Directions for this task :: Look below for the lines from the one with "Skövde Futsalcup 2019" to the one with "Sport handdoek set", and copy exactly those lines, both ends included.

- Opening Delimiter -

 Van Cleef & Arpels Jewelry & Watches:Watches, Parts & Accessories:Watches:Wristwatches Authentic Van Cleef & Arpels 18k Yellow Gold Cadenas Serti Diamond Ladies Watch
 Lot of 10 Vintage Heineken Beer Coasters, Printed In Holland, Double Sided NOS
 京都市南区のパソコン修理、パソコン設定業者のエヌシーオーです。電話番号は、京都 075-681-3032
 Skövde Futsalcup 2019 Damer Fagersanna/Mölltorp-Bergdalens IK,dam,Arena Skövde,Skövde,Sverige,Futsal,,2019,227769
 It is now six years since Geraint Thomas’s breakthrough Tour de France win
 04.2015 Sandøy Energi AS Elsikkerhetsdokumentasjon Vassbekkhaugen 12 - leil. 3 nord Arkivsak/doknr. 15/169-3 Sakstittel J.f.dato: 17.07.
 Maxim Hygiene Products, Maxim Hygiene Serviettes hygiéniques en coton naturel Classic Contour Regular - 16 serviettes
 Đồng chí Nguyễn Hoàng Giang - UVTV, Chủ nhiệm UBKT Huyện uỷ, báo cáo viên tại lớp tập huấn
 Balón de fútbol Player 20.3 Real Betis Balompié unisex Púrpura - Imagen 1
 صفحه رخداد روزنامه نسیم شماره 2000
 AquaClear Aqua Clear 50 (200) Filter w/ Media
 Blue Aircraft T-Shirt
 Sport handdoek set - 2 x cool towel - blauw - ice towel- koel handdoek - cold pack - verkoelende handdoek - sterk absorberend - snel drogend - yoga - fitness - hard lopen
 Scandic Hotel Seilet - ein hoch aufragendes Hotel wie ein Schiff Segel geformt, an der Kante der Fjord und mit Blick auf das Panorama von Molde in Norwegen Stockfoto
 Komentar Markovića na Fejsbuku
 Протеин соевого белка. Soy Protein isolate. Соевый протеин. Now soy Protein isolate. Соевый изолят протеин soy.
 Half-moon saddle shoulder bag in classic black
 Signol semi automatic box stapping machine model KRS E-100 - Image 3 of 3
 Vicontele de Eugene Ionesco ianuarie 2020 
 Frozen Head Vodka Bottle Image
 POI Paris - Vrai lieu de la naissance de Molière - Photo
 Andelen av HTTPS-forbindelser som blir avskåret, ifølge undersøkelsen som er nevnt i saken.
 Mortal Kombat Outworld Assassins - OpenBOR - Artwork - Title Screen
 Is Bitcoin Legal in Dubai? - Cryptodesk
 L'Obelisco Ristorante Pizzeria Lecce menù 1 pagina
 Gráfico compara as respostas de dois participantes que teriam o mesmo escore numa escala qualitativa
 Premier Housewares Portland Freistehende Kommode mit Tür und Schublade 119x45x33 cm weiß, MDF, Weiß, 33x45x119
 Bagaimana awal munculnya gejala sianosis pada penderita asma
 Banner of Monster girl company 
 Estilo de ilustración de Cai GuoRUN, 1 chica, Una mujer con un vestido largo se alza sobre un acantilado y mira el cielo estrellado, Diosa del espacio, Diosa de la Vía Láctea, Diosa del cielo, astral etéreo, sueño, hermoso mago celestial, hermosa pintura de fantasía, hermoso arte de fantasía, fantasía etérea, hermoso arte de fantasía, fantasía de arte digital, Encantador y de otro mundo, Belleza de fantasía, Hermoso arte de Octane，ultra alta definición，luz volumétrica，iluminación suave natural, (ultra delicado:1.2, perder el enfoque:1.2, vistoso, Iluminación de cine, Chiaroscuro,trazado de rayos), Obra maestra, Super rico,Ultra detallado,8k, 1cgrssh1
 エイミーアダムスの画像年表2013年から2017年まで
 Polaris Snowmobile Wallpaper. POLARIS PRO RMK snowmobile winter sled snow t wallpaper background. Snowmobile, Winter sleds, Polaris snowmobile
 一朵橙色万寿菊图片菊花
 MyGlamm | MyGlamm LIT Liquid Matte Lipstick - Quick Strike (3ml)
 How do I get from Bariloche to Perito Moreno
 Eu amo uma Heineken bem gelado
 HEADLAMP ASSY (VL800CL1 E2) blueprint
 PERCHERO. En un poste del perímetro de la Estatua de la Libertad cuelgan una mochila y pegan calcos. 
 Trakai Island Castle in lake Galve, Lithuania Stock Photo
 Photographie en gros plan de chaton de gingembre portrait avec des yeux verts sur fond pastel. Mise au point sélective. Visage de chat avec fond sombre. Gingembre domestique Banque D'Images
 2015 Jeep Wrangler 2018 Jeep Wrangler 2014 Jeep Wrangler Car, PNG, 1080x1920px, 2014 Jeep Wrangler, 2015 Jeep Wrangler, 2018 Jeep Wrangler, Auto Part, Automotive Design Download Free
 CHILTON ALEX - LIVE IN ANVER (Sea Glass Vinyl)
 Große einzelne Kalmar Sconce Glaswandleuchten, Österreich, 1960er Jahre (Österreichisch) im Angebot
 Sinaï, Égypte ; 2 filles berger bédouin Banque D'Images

- Closing Delimiter -

Answer to this problem ::
 Skövde Futsalcup 2019 Damer Fagersanna/Mölltorp-Bergdalens IK,dam,Arena Skövde,Skövde,Sverige,Futsal,,2019,227769
 It is now six years since Geraint Thomas’s breakthrough Tour de France win
 04.2015 Sandøy Energi AS Elsikkerhetsdokumentasjon Vassbekkhaugen 12 - leil. 3 nord Arkivsak/doknr. 15/169-3 Sakstittel J.f.dato: 17.07.
 Maxim Hygiene Products, Maxim Hygiene Serviettes hygiéniques en coton naturel Classic Contour Regular - 16 serviettes
 Đồng chí Nguyễn Hoàng Giang - UVTV, Chủ nhiệm UBKT Huyện uỷ, báo cáo viên tại lớp tập huấn
 Balón de fútbol Player 20.3 Real Betis Balompié unisex Púrpura - Imagen 1
 صفحه رخداد روزنامه نسیم شماره 2000
 AquaClear Aqua Clear 50 (200) Filter w/ Media
 Blue Aircraft T-Shirt
 Sport handdoek set - 2 x cool towel - blauw - ice towel- koel handdoek - cold pack - verkoelende handdoek - sterk absorberend - snel drogend - yoga - fitness - hard lopen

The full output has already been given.